Anyone has experience getting into PhD program without a CS degree or non-traditional degree?

Thanks in Advance




One question to ask yourself is what you want to do after the PhD. Do you want to go into Academia as Professor/ML Researcher? Or do you want to work for a big company doing ML Research? If it's a big company, are are you thinking Google/Facebook or a company that does ML research, but is less well known?

If you want to become an Academic at an R1 university, I would really recommend not taking any shortcuts. Your career success depends on your research, and your research depends on your professors and the people you work with. Going to a 2nd or 3rd tier PhD isn't worth it if you want to become an academic focused on research.

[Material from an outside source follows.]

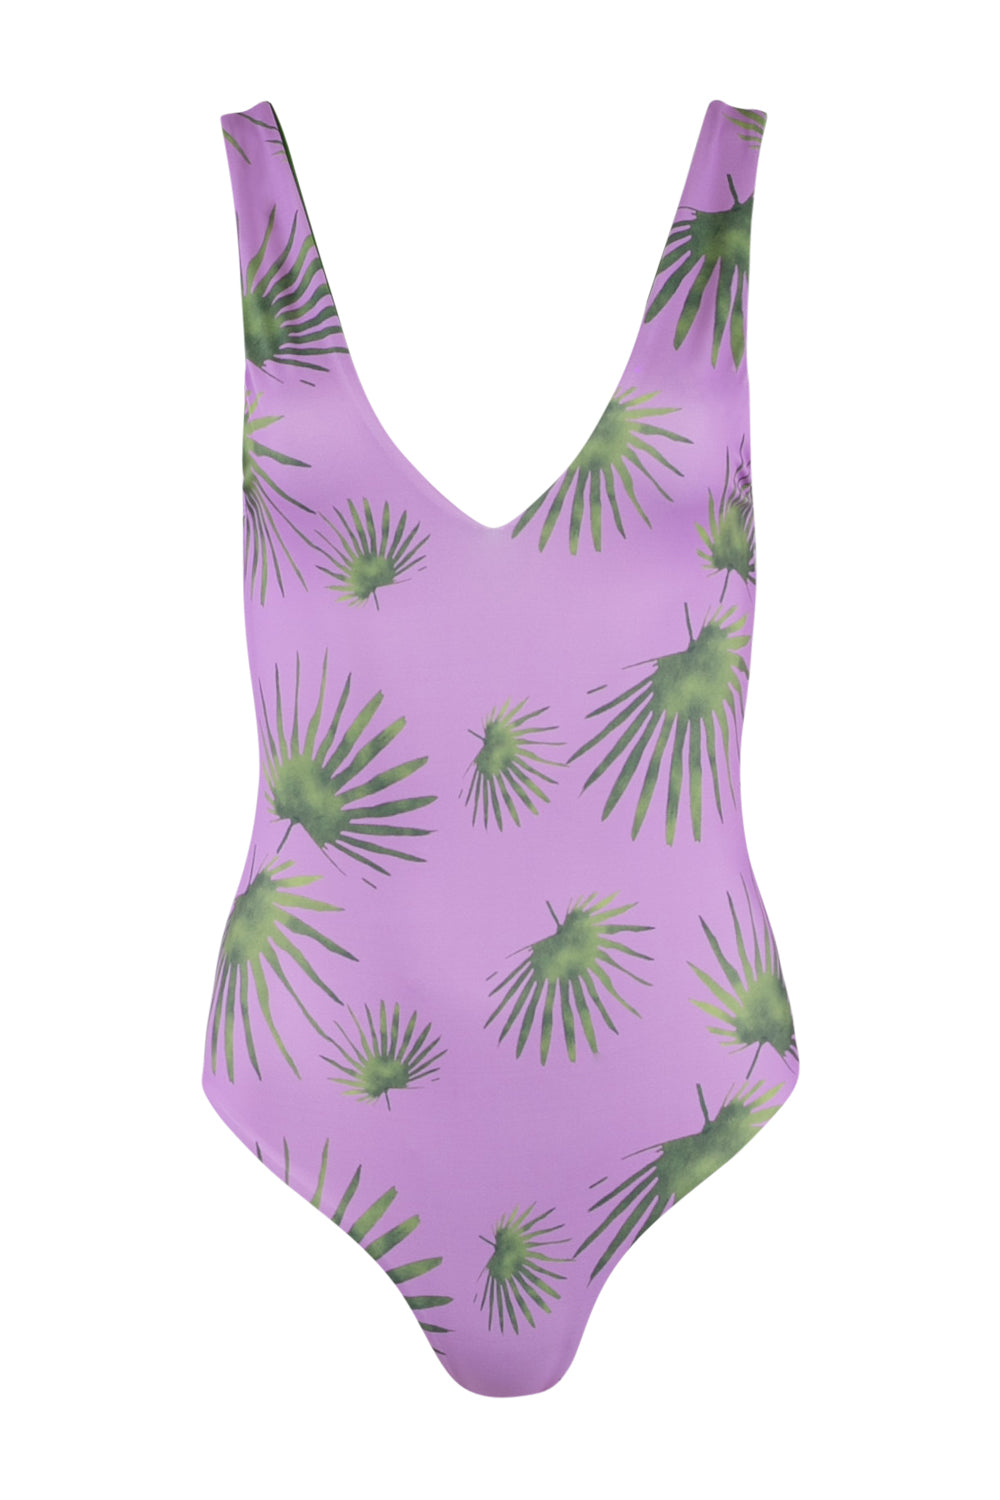 Savana Palm V Neck Reversible Swimsuit - Tucca Swim
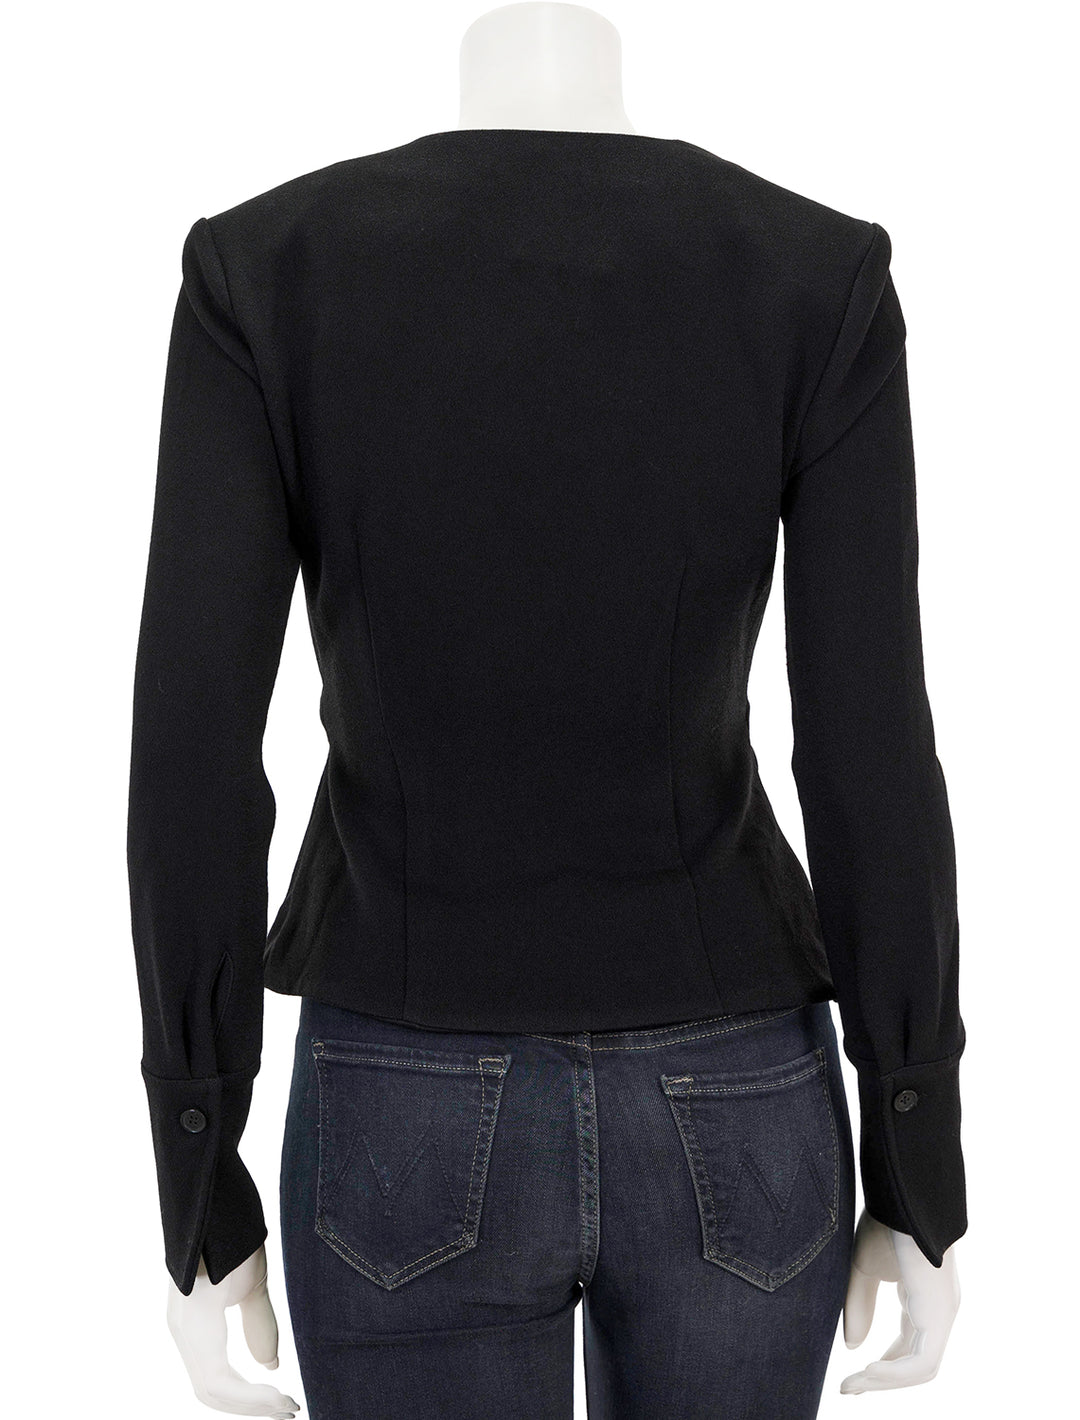 Back view of Anine Bing's joey top in black.

Figure out how you can get a master's from a a good program. From there get a PhD from a good school. Avoid the tier 3 schools which offer transitional MS programs for people with non CS backgrounds, but it's really a watered down MS. I'd say the same is probably true if you want to work for Facebook/Google Research.

There are companies that do ML/AI research, but they are not really commonly known. One way to find these companies would be to look at the Sponsors for conferences (e.g. NeurIPS 2019) and look at the names. These companies would probably be more open to somebody who didn't do a PhD at the top 10 R1 schools.

I don't remember which schools off the top of my head, but some schools have take an intensive "pre-MS" year before your Master's. This is for people with non CS backgrounds, or CS people who are coming back to school after a long time.

Don't waste your time and money getting a PhD from an unknown school if you seriously want to go into research in any shape or form.


Do you want a PhD or just to work in ML?

Sounds like the former and if so just offer your services to a professor as a developer and forget about the degree.

The fact that you ask the question shows you have no concept of what it means to do a PhD in CS let alone ML or any other field. It's nothing like a bachelor degree! So educate yourself a bit and approach some people who have Masters and PhD in History (your field) and see just what is required for higher level study (you'll be surprised it isn't as easy as you seem to think). Then actually speak to some people who have done a PhD in CS.

Frankly, you're only 31 years old. Take the time to do it properly, no short cuts.


Some department somewhere will have to take a chance based on direct knowledge of you, your abilities, and potential to be successful.

Some people somewhere have to know you for that to happen. So start talking to those gatekeepers.

Talking to the gatekeepers about a master's degree.

Because that lowers their risk; lowers the bar for admission; is sufficient to demonstrate your Phd potential, and is on the roadmap to a Phd anyway.

And of course there are more likely to MS programs for non-traditional backgrounds than Phd's.

Good luck.


It's practically not possible without a Master's degree. However, these days it is easier than ever to do independent research in ai. If you have some interesting results upload them to arxiv and network with other researchers. Having a bunch of papers published in reputable journals may be a way to get into a PhD program.


You'll need references from respected academics in whatever field you're trying to get in to. Those relationships are typically built during undergrad and or during a masters. I would personally try to get into a 2-year masters program (much more doable to get accepted in to without a cs degree) before looking at PhD programs.


Start submitting your results to reputed conferences, maybe? Getting one or two acceptances will surely strengthen your case and show prospective grad schools that you are right on top of the field as a self-taught outsider and, more importantly, gladly willing to dig further in the next 4-6 years? Good luck!


What I’ve been told is that it’s hard to get into a top PhD program, not so hard to get into a lower-tier school. Also it is easy to get into a top professional masters program compare to getting into the PhD.